Many businesses gloss over the Personal Property Securities Act 2009 (Cth) (PPSA). How is it relevant to my business? Doesn’t it have something to do with people’s personal property – their furniture, TVs, iPads, watches and the like?
In fact, the PPSA is more relevant to the property of businesses than it is to the goods used in people’s households for domestic use. Personal property is essentially all property except for land and items affixed to the land. It includes the plant and machinery of a business, and its inventory. It includes the crops and livestock of a farming business. Personal property can include more intangible items like intellectual property, shares and accounts.
Essentially, the PPSA allows the holder of a security interest in personal property that is in the hands of another to register that interest on the Personal Property Securities Register (PPSR) and protect that interest against the world at large.
Take the example of Jane’s Jewellery Store. To get her business started, Jane borrowed from XYZ Bank and, to secure that loan, Jane gave a charge to XYZ over the whole of the business. XYZ promptly registered its charge over the business as a security interest on the PPSR.
Jane’s carpenter friend, Adam, supplied and fitted some new cabinetry in the jewellery store. Jane could not pay, so Adam said that he would proceed with the work but retain title to the cabinetry until Jane paid him. Adam did not register a security interest in the cabinetry on the PPSR against Jane’s business.
Jane’s jewellery designer friend, Mary, supplied items of jewellery on consignment to Jane for sale in the store. John rented a cash register, a computer and a safe to Jane. Neither Mary nor John registered their security interests on the PPSR against Jane’s business.

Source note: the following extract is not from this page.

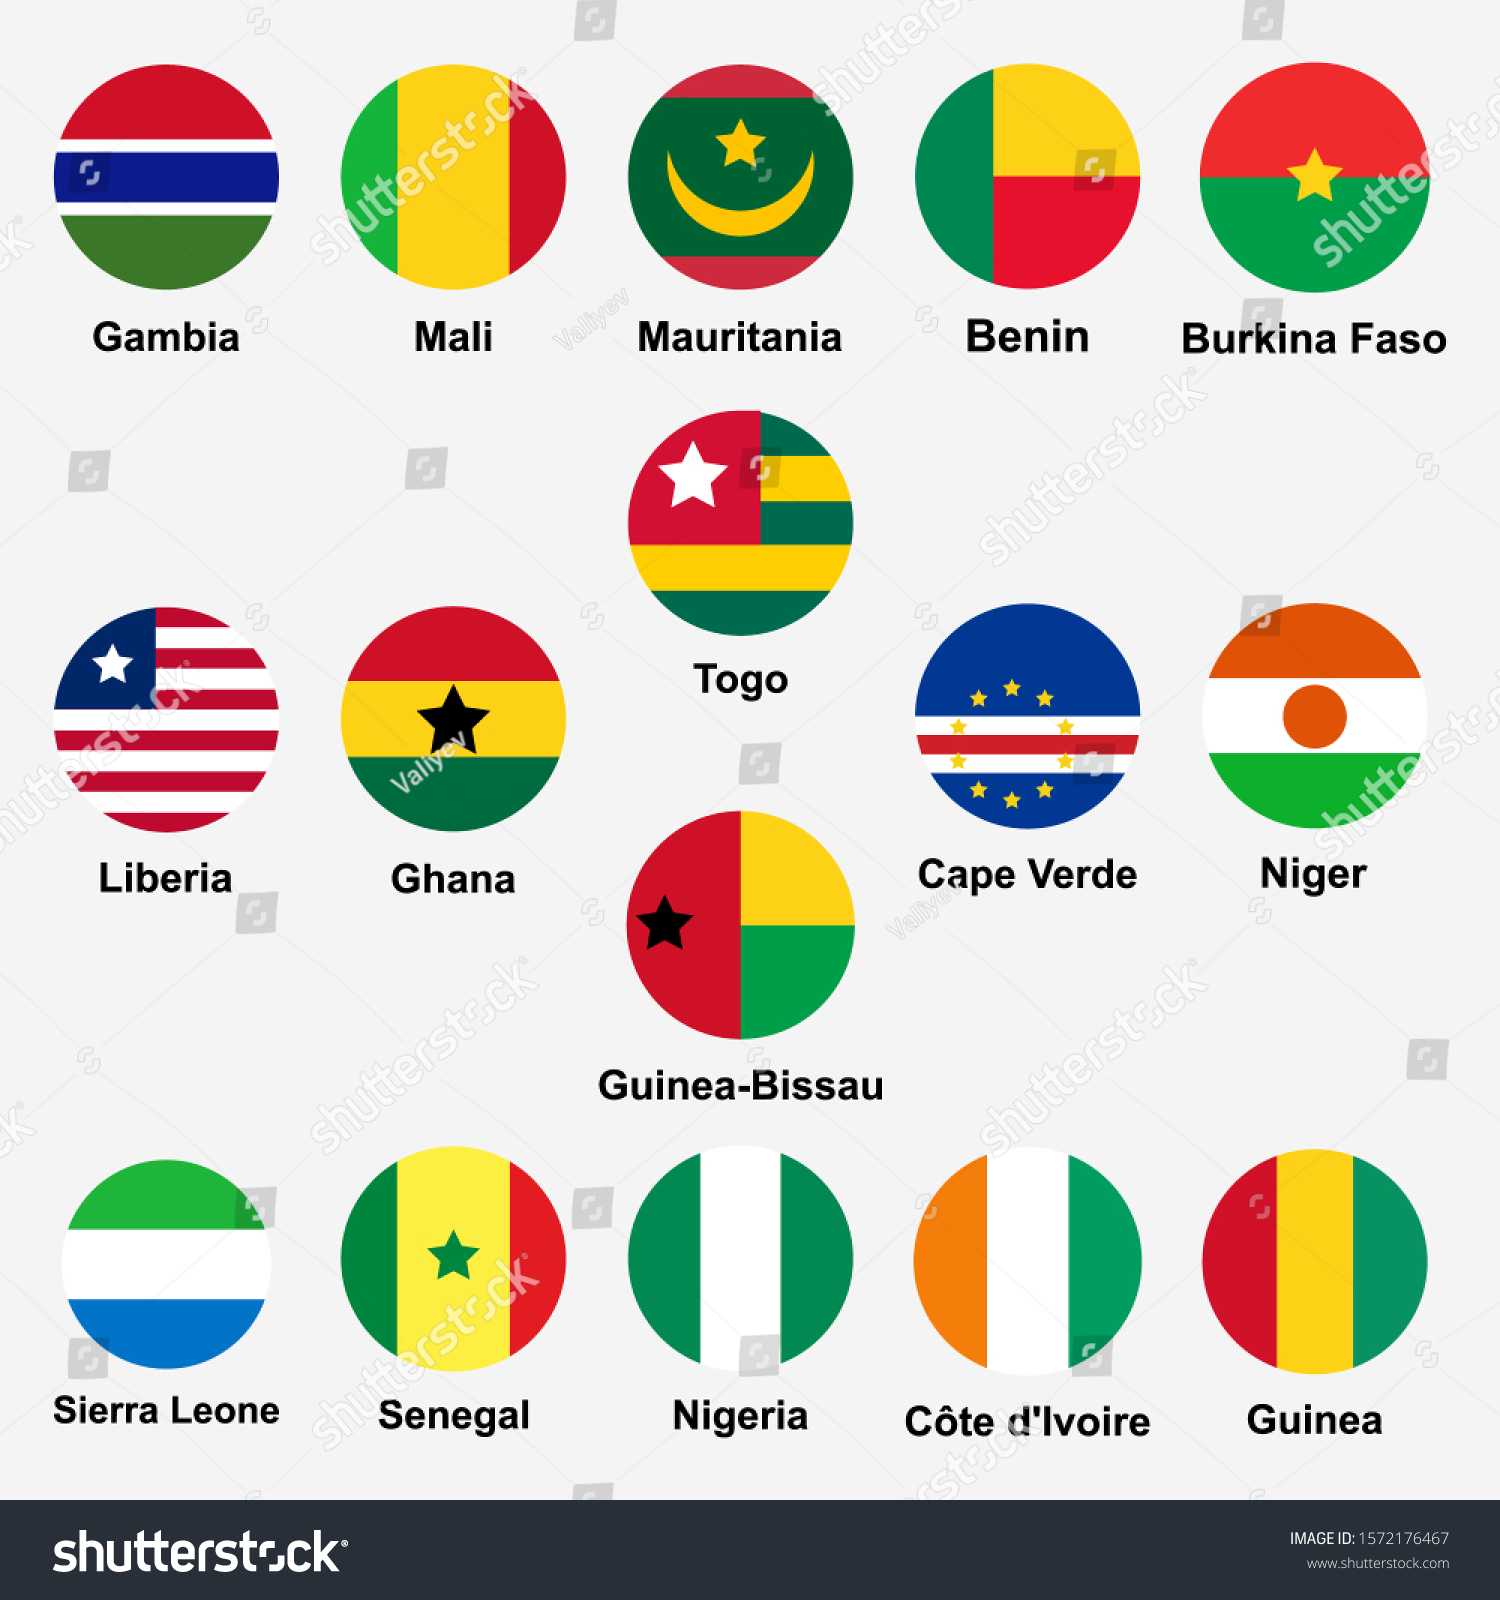 Western African Countries Flags Icon Set Vector De Stock Libre De Regalías 1572176467 3913

Months later, Jane’s cash resources dried up, and she was forced to put her business into liquidation. XYZ, the only party with a registered security interest, took possession of all the personal property within the business and sold it to repay the debt owed by Jane. By failing to register their security interests over the personal property they had supplied, each of Adam, Mary and John surrendered their security interests to Jane’s Jewellery Store on its liquidation and the priority security interest of XYZ prevailed. Adam, Mary and John were left only with money claims against an insolvent business.